Collection entries:
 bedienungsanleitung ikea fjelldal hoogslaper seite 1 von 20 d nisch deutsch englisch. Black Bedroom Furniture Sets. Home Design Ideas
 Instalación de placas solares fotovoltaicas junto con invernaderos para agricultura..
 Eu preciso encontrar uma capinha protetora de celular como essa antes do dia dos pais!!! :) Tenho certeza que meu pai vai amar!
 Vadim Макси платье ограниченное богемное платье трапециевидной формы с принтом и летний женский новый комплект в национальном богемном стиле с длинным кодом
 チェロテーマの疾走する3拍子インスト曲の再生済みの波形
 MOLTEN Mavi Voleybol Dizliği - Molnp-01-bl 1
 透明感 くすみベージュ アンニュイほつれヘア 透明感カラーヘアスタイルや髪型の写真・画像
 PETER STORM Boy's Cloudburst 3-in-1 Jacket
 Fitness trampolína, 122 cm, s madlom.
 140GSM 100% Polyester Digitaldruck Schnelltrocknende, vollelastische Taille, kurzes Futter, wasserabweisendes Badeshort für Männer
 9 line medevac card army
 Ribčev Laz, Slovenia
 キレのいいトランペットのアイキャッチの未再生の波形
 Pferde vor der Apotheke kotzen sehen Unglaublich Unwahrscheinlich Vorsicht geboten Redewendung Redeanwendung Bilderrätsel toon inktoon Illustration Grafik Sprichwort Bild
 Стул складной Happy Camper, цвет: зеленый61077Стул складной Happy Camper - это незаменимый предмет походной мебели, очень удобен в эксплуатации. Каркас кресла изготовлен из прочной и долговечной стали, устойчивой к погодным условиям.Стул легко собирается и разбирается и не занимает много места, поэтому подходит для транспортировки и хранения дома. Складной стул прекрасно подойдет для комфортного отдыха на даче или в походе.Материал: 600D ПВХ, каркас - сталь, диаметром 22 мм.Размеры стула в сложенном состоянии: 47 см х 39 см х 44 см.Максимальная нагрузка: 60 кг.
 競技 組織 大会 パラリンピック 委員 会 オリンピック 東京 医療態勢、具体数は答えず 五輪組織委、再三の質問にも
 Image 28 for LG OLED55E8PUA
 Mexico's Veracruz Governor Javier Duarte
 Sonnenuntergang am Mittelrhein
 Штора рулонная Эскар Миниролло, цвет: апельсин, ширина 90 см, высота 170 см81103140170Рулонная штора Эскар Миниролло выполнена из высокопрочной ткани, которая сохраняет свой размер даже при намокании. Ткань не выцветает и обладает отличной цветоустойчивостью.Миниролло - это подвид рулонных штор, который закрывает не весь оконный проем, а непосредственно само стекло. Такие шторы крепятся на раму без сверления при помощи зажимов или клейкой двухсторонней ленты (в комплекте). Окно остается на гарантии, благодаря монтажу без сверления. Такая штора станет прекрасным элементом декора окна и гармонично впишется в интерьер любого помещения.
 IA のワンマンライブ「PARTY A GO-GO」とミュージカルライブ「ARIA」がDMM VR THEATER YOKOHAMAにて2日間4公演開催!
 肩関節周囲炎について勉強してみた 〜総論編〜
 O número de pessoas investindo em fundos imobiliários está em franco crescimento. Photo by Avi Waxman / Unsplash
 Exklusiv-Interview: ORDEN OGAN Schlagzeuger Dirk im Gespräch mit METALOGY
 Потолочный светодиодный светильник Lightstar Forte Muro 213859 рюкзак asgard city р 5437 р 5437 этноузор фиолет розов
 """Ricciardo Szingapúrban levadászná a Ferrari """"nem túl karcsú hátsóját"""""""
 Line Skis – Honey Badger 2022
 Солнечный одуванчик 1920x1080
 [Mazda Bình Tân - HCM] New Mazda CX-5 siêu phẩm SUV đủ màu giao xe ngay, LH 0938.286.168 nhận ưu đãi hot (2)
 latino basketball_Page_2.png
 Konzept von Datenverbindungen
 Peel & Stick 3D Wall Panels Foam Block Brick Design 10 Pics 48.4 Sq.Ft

### Exercise requirements
Where in the entries above does the word "Design" appear? Copy each line that has it.

### Answer for the task
 bedienungsanleitung ikea fjelldal hoogslaper seite 1 von 20 d nisch deutsch englisch. Black Bedroom Furniture Sets. Home Design Ideas
 Peel & Stick 3D Wall Panels Foam Block Brick Design 10 Pics 48.4 Sq.Ft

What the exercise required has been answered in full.